I found this to be a nice, short test to gauge a developer's knowledge. The speaker noted that they didn't worry too much about time taken, or the exact notation used in the digram. This is mostly a way to measure if an individual thinks in terms of entities and connections. This is part of a few tests used for a basic evaluation of how a developer solves practical problems, and avoids the trivia based examination used by many interviewers.

I was intrigued since I've never been really asked to design anything and I've had quite a few jobs where that would be a portion of my job duties. No one has given me a scenario and asked me to produce an ER diagram. The most I've gotten is some theoretical questions on normalization, or what keys are. I wonder if I'm alone. For those of you reading this, have you ever had a design test of any kind in an interview? Can you disclose the types of questions or scenarios? When were you tested? It would be interesting to see if this is used by much of anyone.

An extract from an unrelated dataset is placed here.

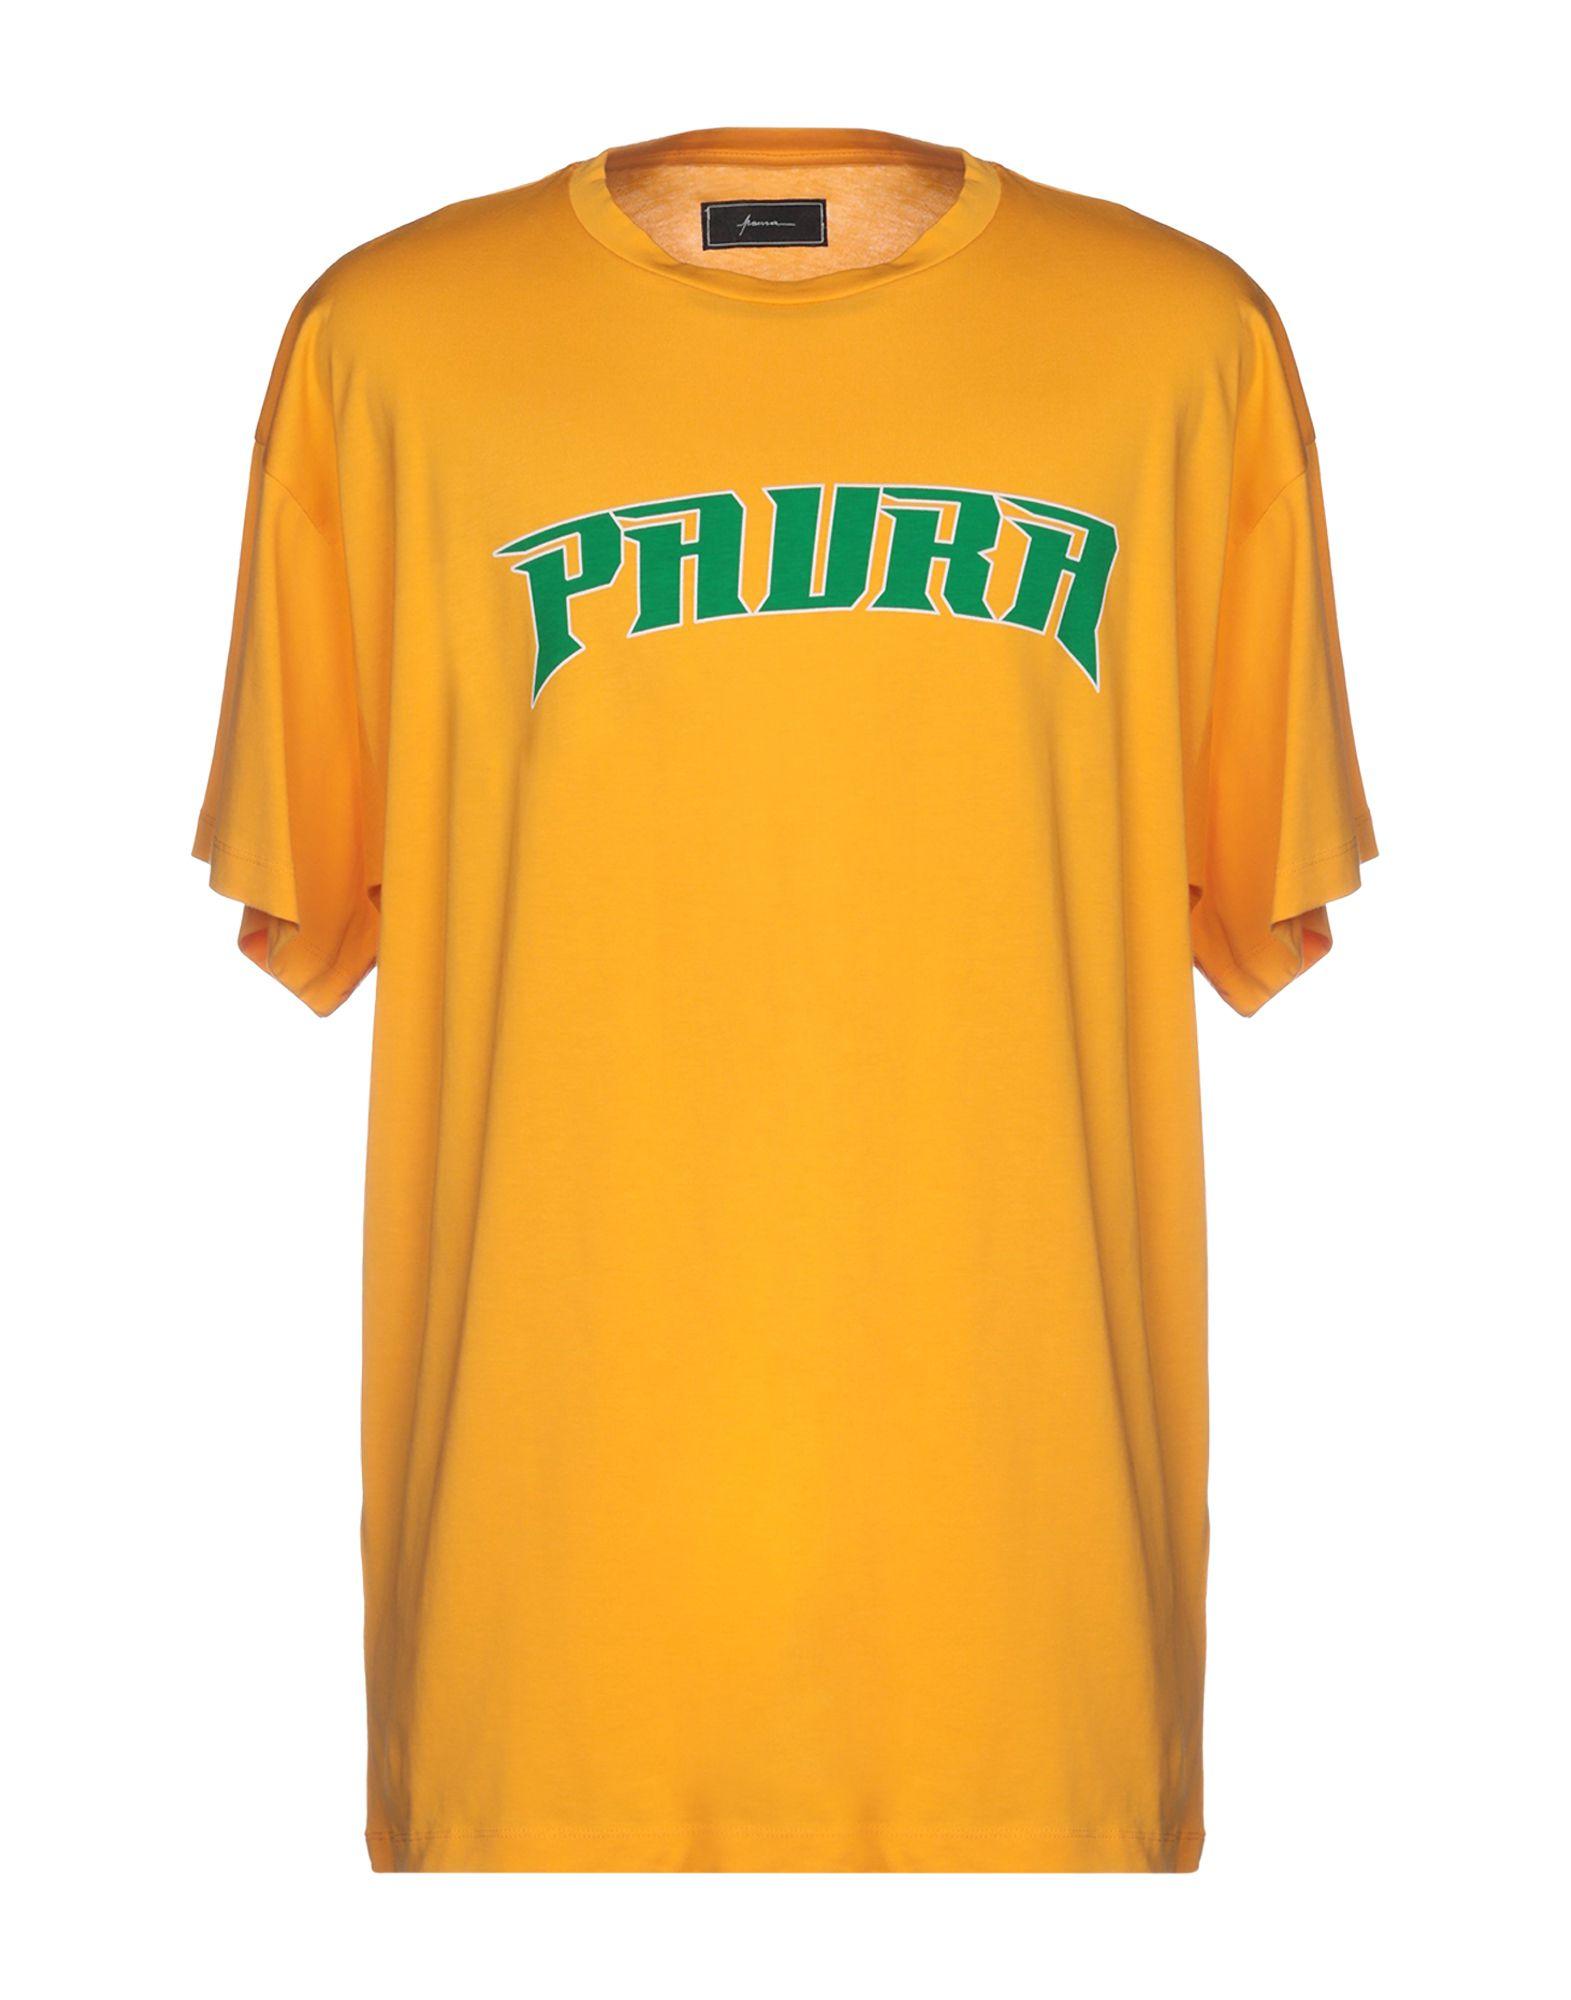 Paura T-shirt

There seem to be so few ER diagrams in the real world, especially from vendors, who should always produce one for clients. I suspect that few people understand them, or even write them, even though they can be invaluable when trying to write reports and understand the relationships between different entities. Many ask, but could those people produce one? Or read it beyond realizing which field in table a connects to which field in table b? Let me know this week if you've been tested on your database design skills.